- INFORMATION GIVEN
____

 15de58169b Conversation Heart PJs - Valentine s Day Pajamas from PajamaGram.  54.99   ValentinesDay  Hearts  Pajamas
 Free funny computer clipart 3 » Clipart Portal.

____

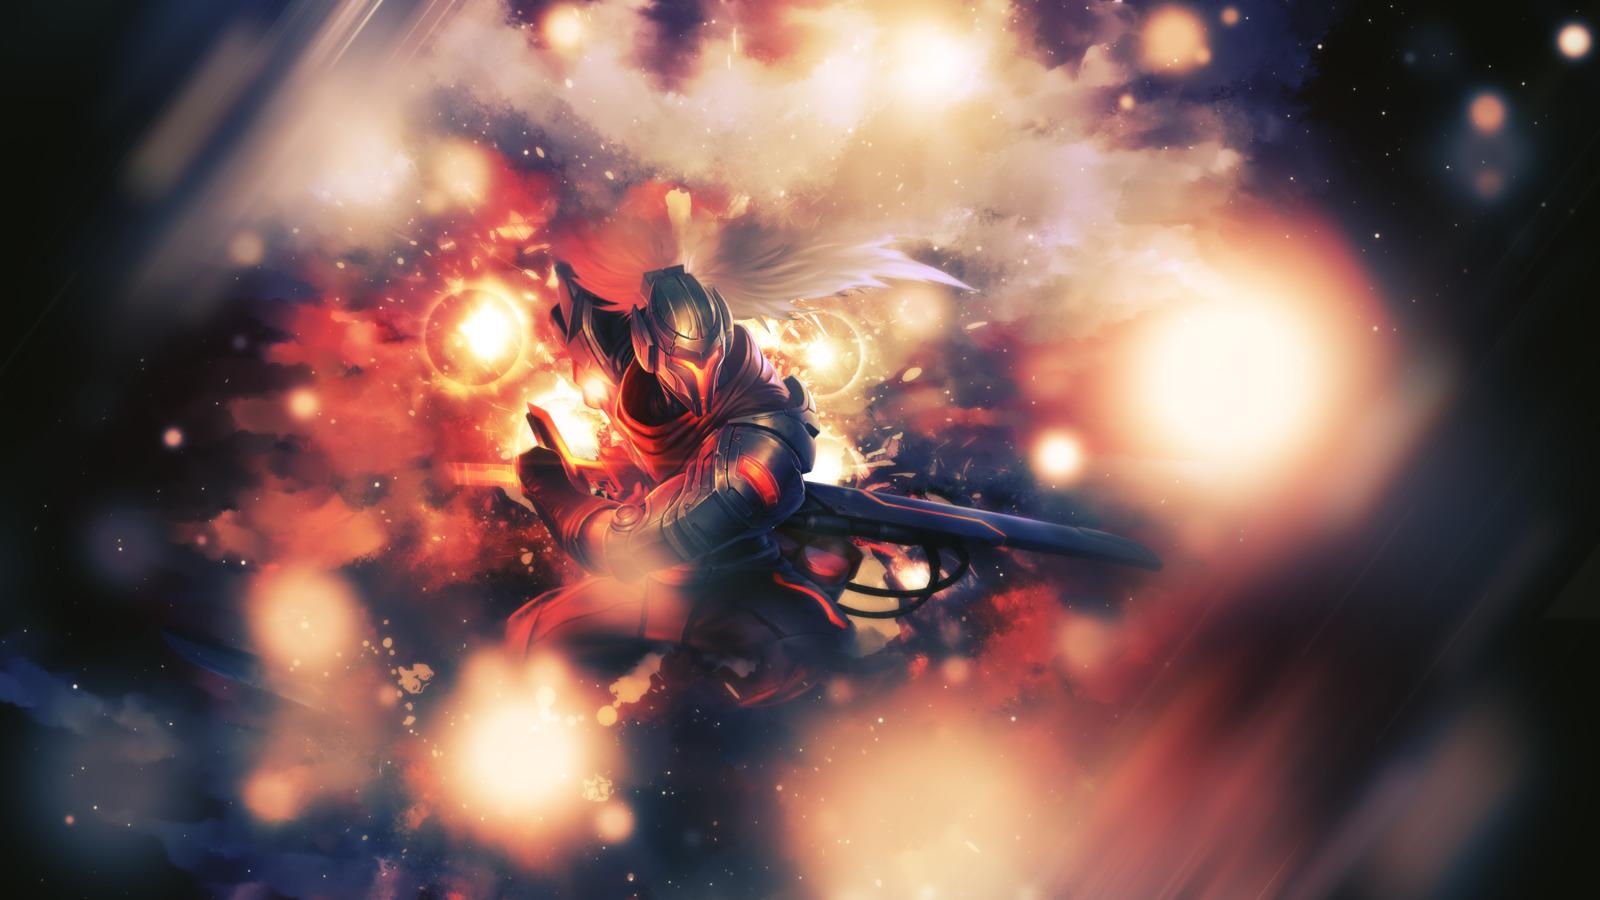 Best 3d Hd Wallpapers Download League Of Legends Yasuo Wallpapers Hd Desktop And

____

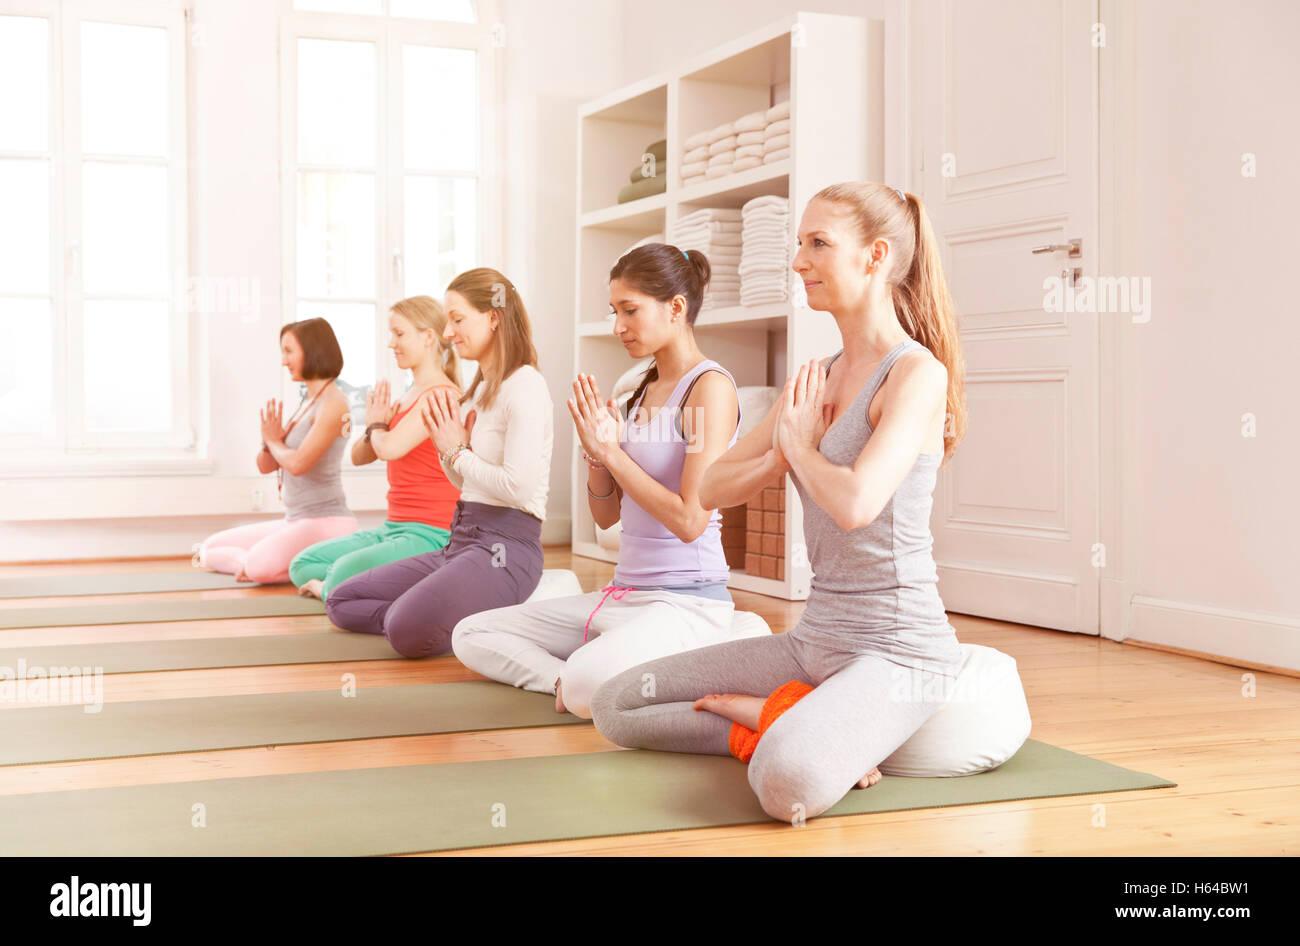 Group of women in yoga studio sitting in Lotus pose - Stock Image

____

- WHAT YOU NEED TO DO
The lines above from the one containing "15de58169b Conversation Heart" through the one containing "Free funny computer" are to be set down exactly, and no others.

- SOLVED EXERCISE
 15de58169b Conversation Heart PJs - Valentine s Day Pajamas from PajamaGram.  54.99   ValentinesDay  Hearts  Pajamas
 Free funny computer clipart 3 » Clipart Portal.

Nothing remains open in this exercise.